Szurmant Hendrik, Bunn Michael W, Cho Stephen H, Ordal George W
Department of Biochemistry, Colleges of Medicine and Liberal Arts and Sciences, University of Illinois, Urbana, IL 61801, USA.
J Mol Biol. 2004 Dec 3;344(4):919-28. doi: 10.1016/j.jmb.2004.09.093.
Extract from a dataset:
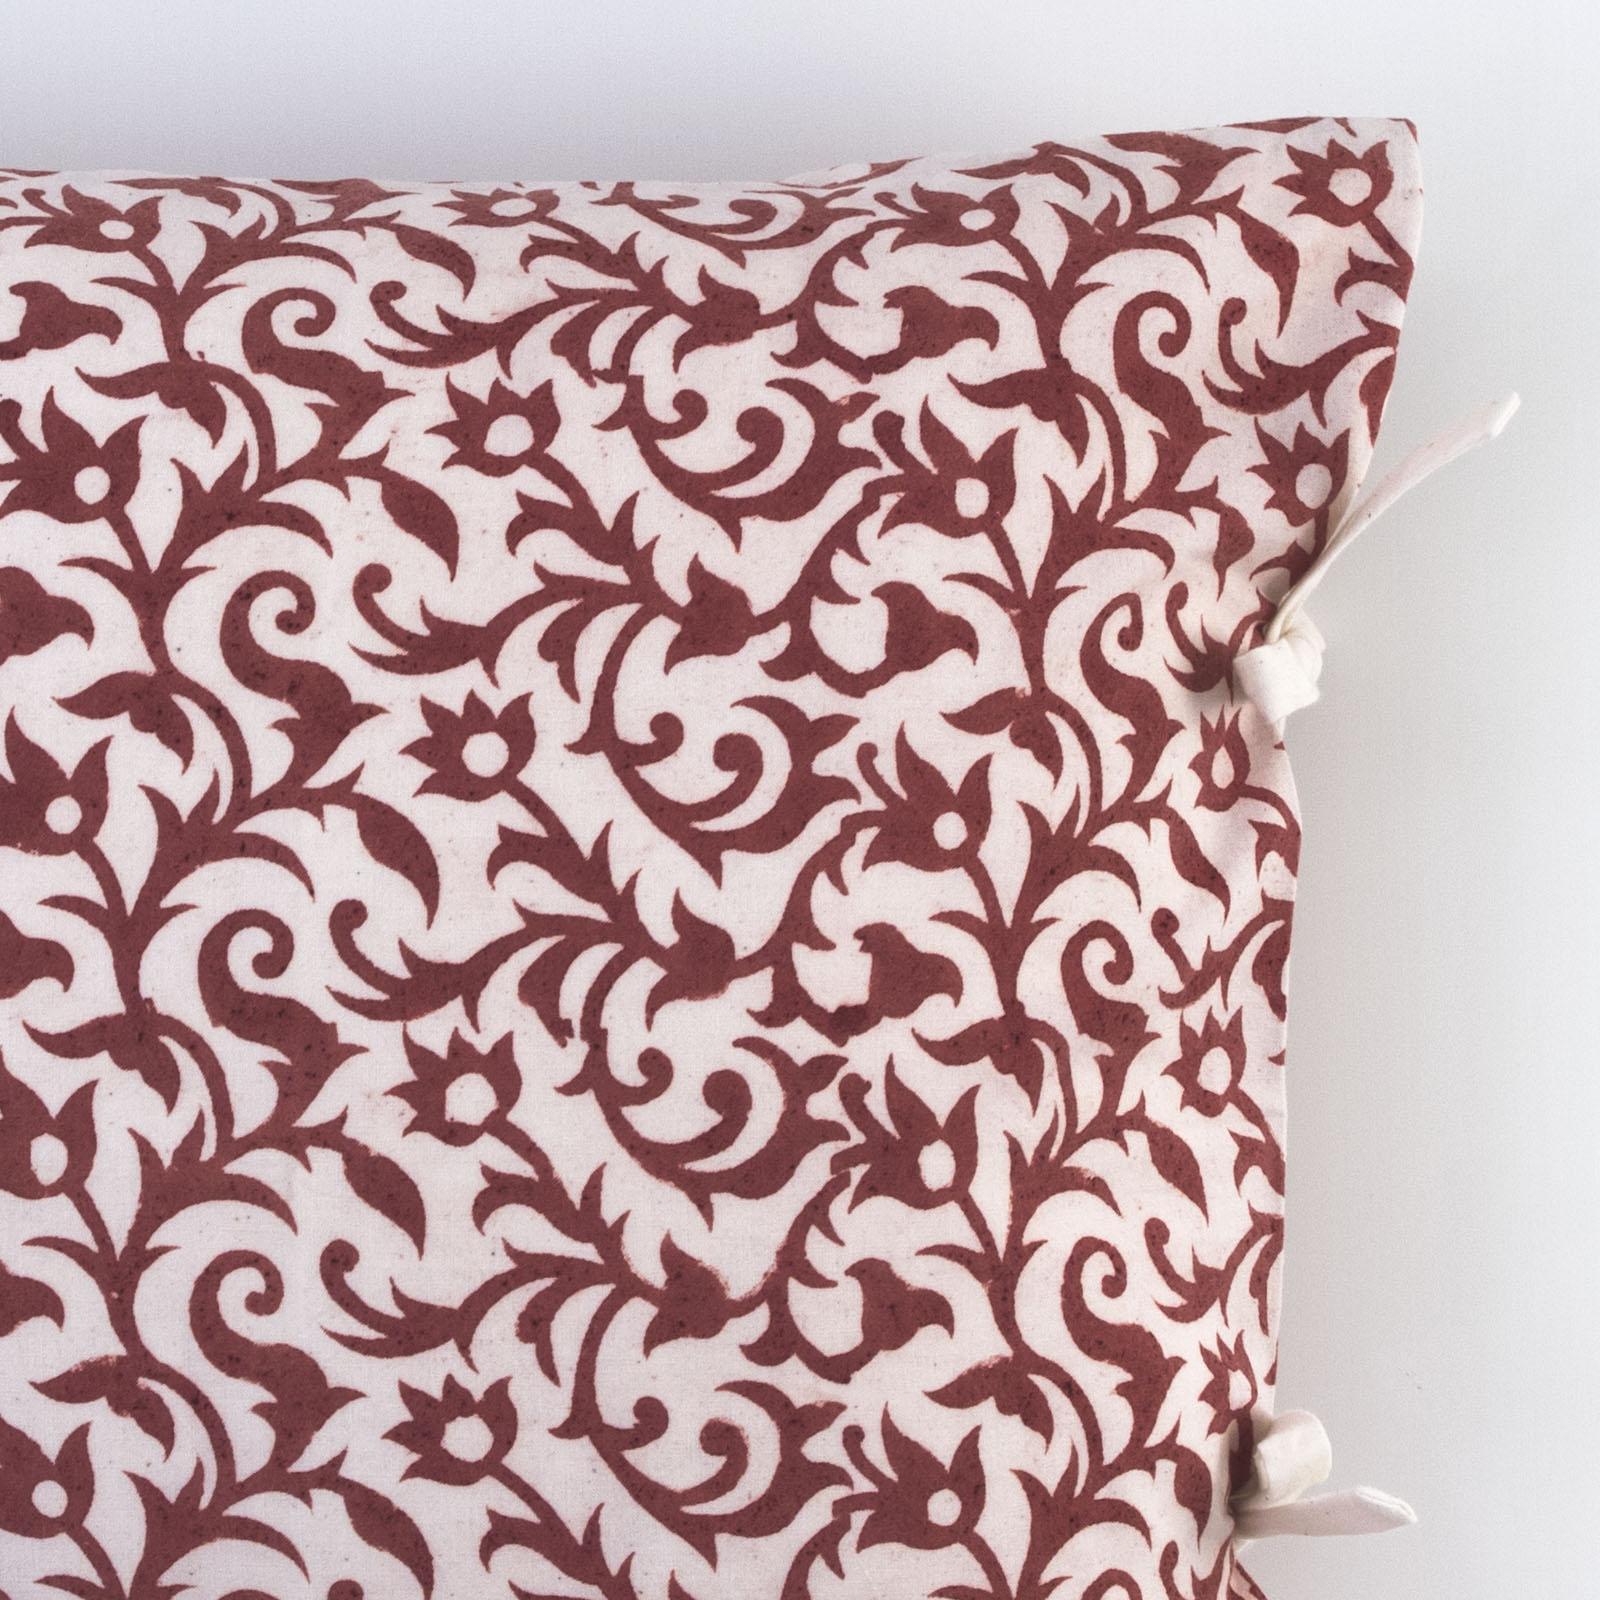 anais small deco pillow les indiennes. Black Bedroom Furniture Sets. Home Design Ideas

Previously, we characterized the organization of the transmembrane (TM) domain of the Bacillus subtilis chemoreceptor McpB using disulfide crosslinking. Cysteine residues were engineered into serial positions along the two helices through the membrane, TM1 and TM2, as well as double mutants in TM1 and TM2, and the extent of crosslinking determined to characterize the organization of the TM domain. In this study, the organization of the TM domain was studied in the presence and absence of ligand to address what ligand-induced structural changes occur. We found that asparagine caused changes in crosslinking rate on all residues along the TM1-TM1' helical interface, whereas the crosslinking rate for almost all residues along the TM2-TM2' interface did not change. These results indicated that helix TM1 rotated counterclockwise and that TM2 did not move in respect to TM2' in the dimer on binding asparagine. Interestingly, intramolecular crosslinking of paired substitutions in 34/280 and 38/273 were unaffected by asparagine, demonstrating that attractant binding to McpB did not induce a "piston-like" vertical displacement of TM2 as seen for Trg and Tar in Escherichia coli. However, these paired substitutions produced oligomeric forms of receptor in response to ligand. This must be due to a shift of the interface between different receptor dimers, within previously suggested trimers of dimers, or even higher order complexes. Furthermore, the extent of disulfide bond formation in the presence of asparagine was unaffected by the presence of the methyl-modification enzymes, CheB and CheR, or the coupling proteins, CheW and CheV, demonstrating that these proteins must have local structural effects on the cytoplasmic domain that is not translated to the entire receptor. Finally, disulfide bond formation was also unaffected by binding proline to McpC. We conclude that ligand-binding induced a conformational change in the TM domain of McpB dimers as an excitation signal that is likely propagated within the cytoplasmic region of receptors and that subsequent adaptational events do not affect this new TM domain conformation.
此前,我们利用二硫键交联对枯草芽孢杆菌化学感受器McpB的跨膜(TM)结构域的组织进行了表征。沿着穿过膜的两条螺旋(TM1和TM2),将半胱氨酸残基工程化到连续位置,以及TM1和TM2中的双突变体,并确定交联程度以表征TM结构域的组织。在本研究中,在有配体和无配体的情况下研究了TM结构域的组织,以探讨发生了哪些配体诱导的结构变化。我们发现,天冬酰胺导致沿着TM1-TM1'螺旋界面的所有残基的交联速率发生变化,而沿着TM2-TM2'界面的几乎所有残基的交联速率没有变化。这些结果表明,在结合天冬酰胺时,螺旋TM1逆时针旋转,而TM2相对于二聚体中的TM2'没有移动。有趣的是,34/280和38/273中配对取代的分子内交联不受天冬酰胺的影响,这表明吸引剂与McpB的结合不会像在大肠杆菌的Trg和Tar中那样诱导TM2的“活塞样”垂直位移。然而,这些配对取代会响应配体产生受体的寡聚形式。这一定是由于在先前提出的二聚体三聚体甚至更高阶复合物中不同受体二聚体之间的界面发生了移动。此外,在天冬酰胺存在下二硫键形成的程度不受甲基修饰酶CheB和CheR或偶联蛋白CheW和CheV的存在的影响,这表明这些蛋白一定对细胞质结构域有局部结构影响,而不会传递到整个受体。最后,二硫键的形成也不受脯氨酸与McpC结合的影响。我们得出结论,配体结合在McpB二聚体的TM结构域中诱导了构象变化,作为一种可能在受体细胞质区域内传播的激发信号,并且随后的适应事件不会影响这种新的TM结构域构象。